╭─ Information provided

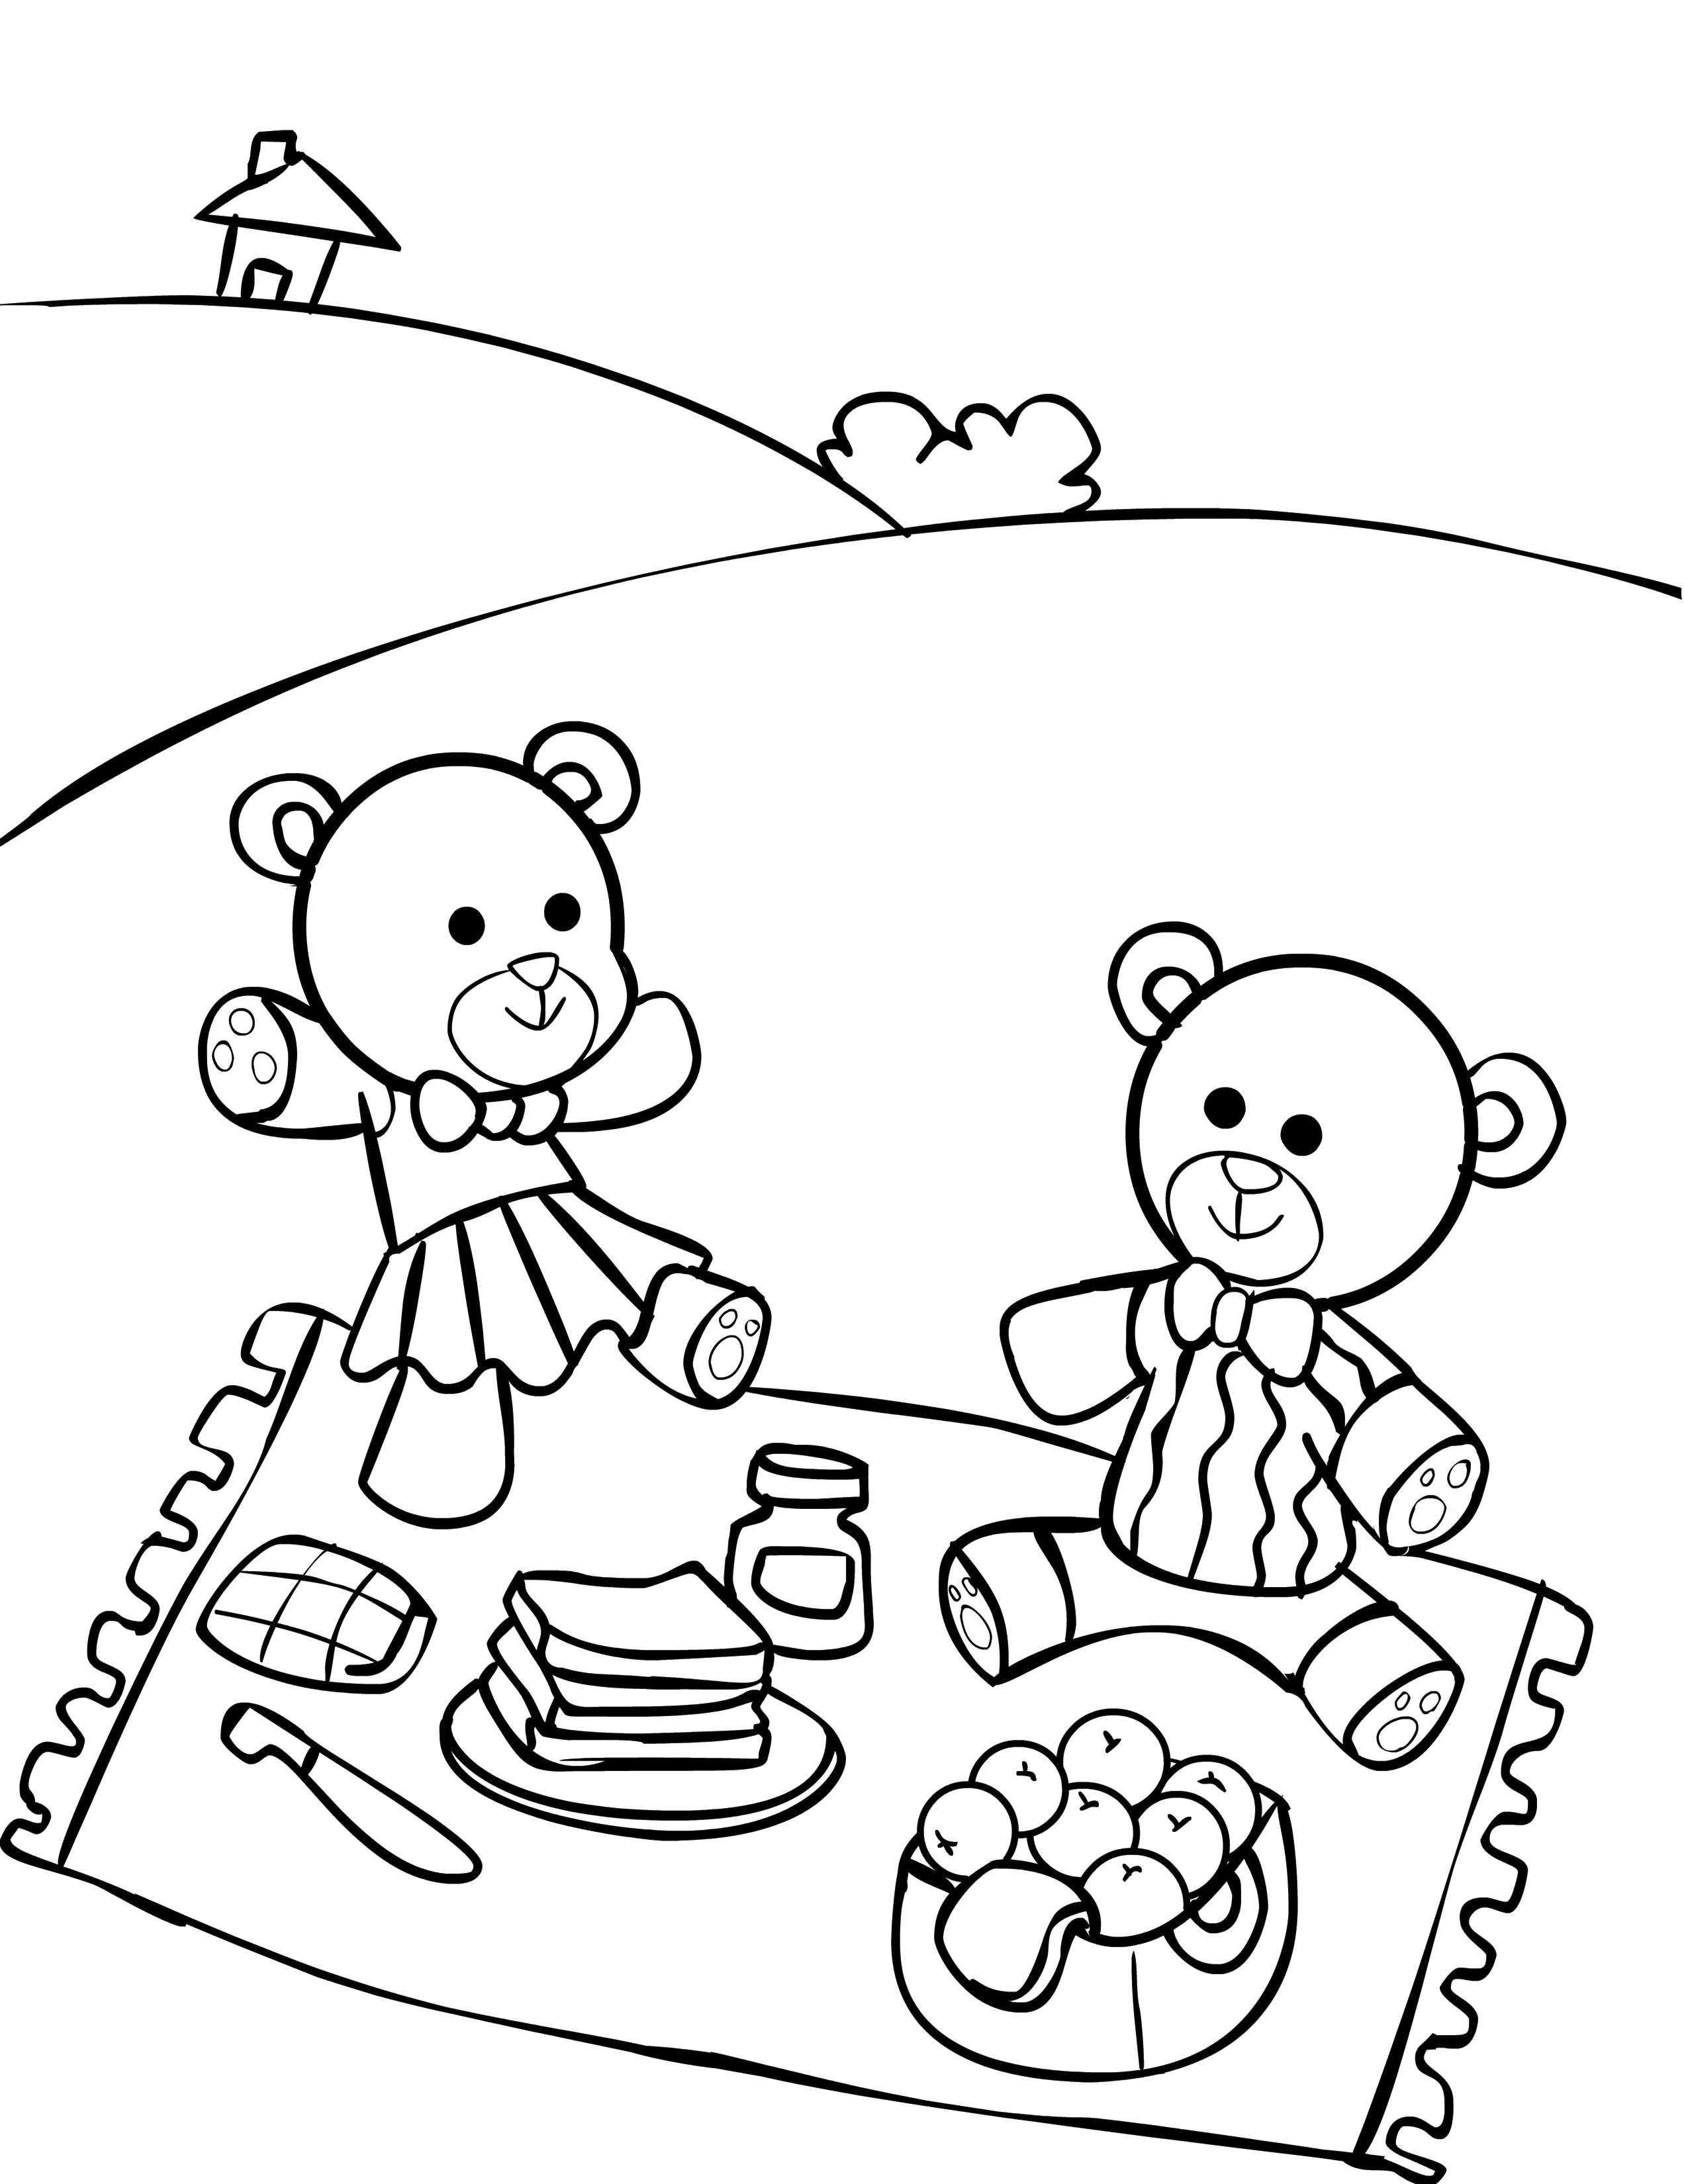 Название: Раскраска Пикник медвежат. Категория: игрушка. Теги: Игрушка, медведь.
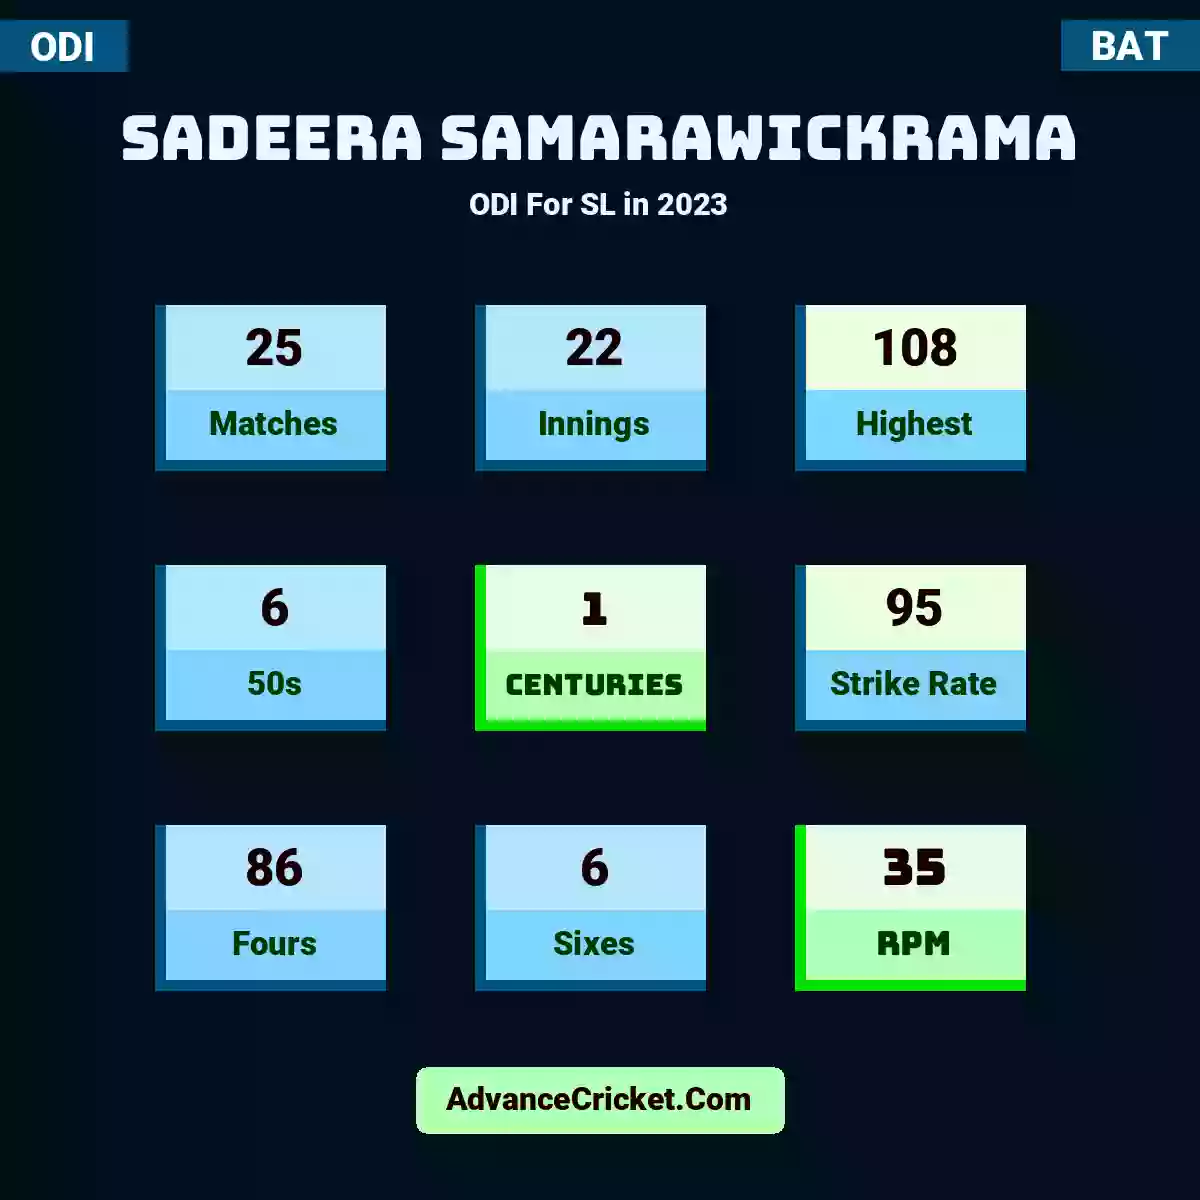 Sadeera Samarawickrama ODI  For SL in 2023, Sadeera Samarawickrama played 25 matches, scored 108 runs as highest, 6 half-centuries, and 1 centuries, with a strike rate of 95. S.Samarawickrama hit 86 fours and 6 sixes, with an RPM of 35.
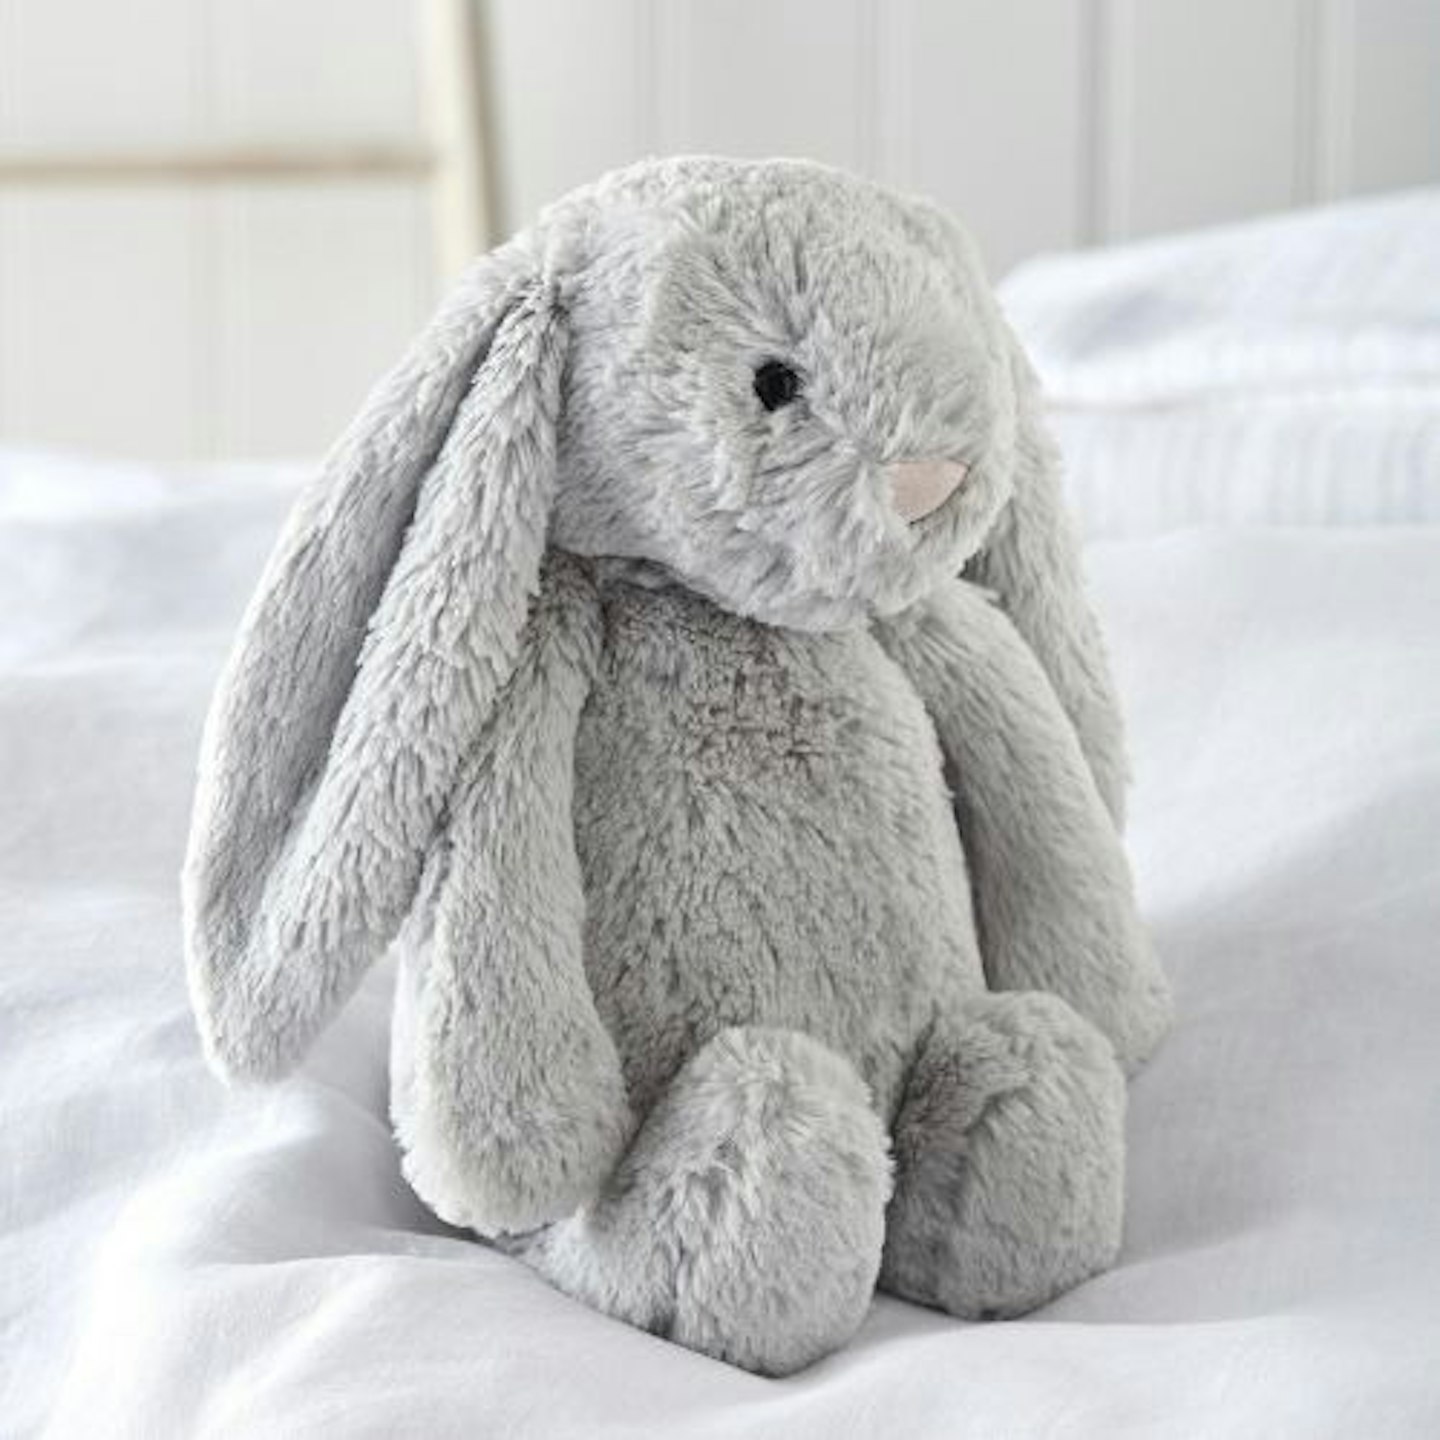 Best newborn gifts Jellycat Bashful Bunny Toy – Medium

╰─

The problem:
The job is to set down the whole listing exactly, excluding any images.

Result for this exercise:
 Название: Раскраска Пикник медвежат. Категория: игрушка. Теги: Игрушка, медведь.
 Sadeera Samarawickrama ODI  For SL in 2023, Sadeera Samarawickrama played 25 matches, scored 108 runs as highest, 6 half-centuries, and 1 centuries, with a strike rate of 95. S.Samarawickrama hit 86 fours and 6 sixes, with an RPM of 35.
 Best newborn gifts Jellycat Bashful Bunny Toy – Medium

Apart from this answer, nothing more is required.